Falon noted he hadn’t said anything about giving the Prince his full and complete share. “Alright,” Falon said, struggling to hide her doubt at the fairness of the situation, let alone her ability to carry out the Captain’s orders.
“Now, tell me about your sojourn in the woods,” Smythe said.
Falon blinked and started to relay the tale. She had gotten to the part where they were through the woods and meeting the Prince, and had backtracked to her part of the battle and how she was sending Ernest to tell the Captain of her attempt to take the enemy in the rear when they were interrupted.
Smythe’s nephew, Doolie, cleared his throat.
“Yes?” Smythe said irritably.
“A message from the Prince,” the youth piped in, shooting her a superior look.
Falon looked away to hide her eye-roll at this attempted bit of petty, young, male one-ups-man-ship.
“Well, bring it here, Doolie,” Smythe growled after a short moment of inaction on the part of his page.
“Sorry, Uncle,” Doolie said, jumping and then hurried over.

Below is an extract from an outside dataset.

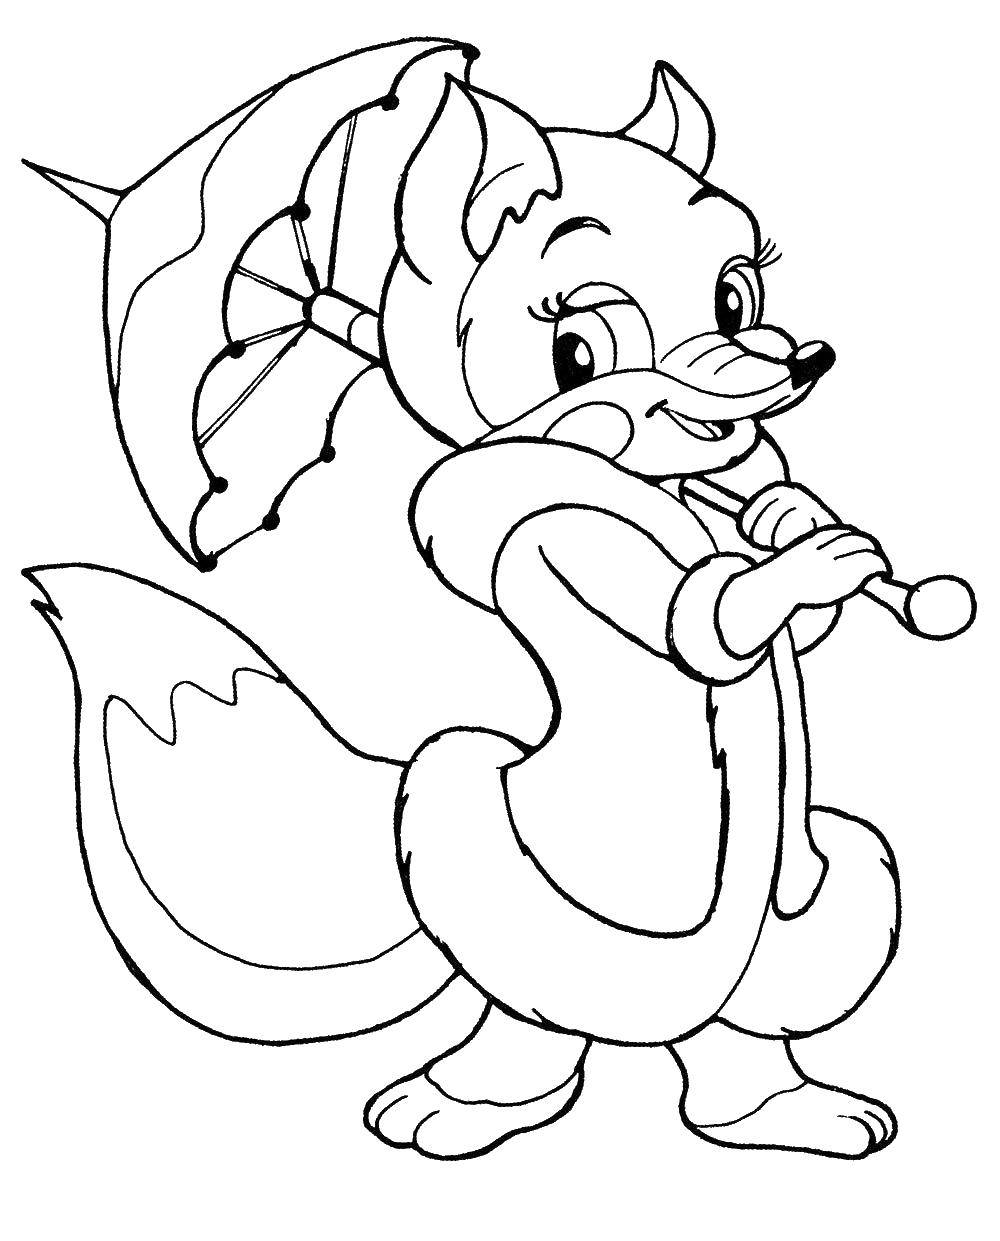 Coloring Fox with umbrella. Category the Fox. Tags:  chanterelle, parasol.

“Sir Smythe, or Captain, is good enough when we’re entertaining,” Smythe said scornfully.
“Sorry, Sir,” Doolie ducked his head shame-facedly.
“Children these days,” Smythe shook his head and turned to her. “Not that you’re technically outside the household,” he said flashin
g her a false smile, “but it’s good for them to learn the right way first. Even,” he turned to growl at his nephew, “if you have to pound it into their heads through their ears.”
“Of course, Sir,” Falon said neutrally.
“Well, give it here,” the Captain said when the page, his nephew, started hovering at his shoulder. Snatching up the scroll, the Captain checked the seal before breaking it. Falon watched as his lips moved while he was reading and she saw the delighted smile, as well as a flash of anger, cross his face before he froze.
“You know what’s in here?” he barked, looking up at her with a dangerous gaze, causing Falon’s eyes to widen.
“Me, Sir?” she asked in surprise then hastily answered the question, “No, Sir. Not a clue.”
“Doolie, my map,” Smythe growled, standing up and going to his campaign desk where he swept everything set there onto the floor.
The nephew grabbed a map case and hurried over to unroll it across the desk.
Smythe traced his fingers over the map before leaning back with a loud harrumph. Out of the blue he thumped the man with the Prince’s scroll.
“He means to place me in the sticks?!” he all but shouted.
“Captain,” Falon said, wide-eyed and fighting the urge to back away from this powerful old war veteran, “what are you saying?”
“It seems that because of my invaluable service to the Crown—it actually says that,” Smythe turned to her, his face dark with barely-contained emotion, “I’m to be pensioned off.”
“What?! He can’t do that!” Falon cried.
Smythe chuckled darkly. “Your defense of me does you credit—a credit I wasn’t prepared to extend you before this moment,” he said, looking at her with narrowed eyes. “So…you’re saying you know nothing of any of this? You didn’t plot this out with the Prince, or ask him for some boon?”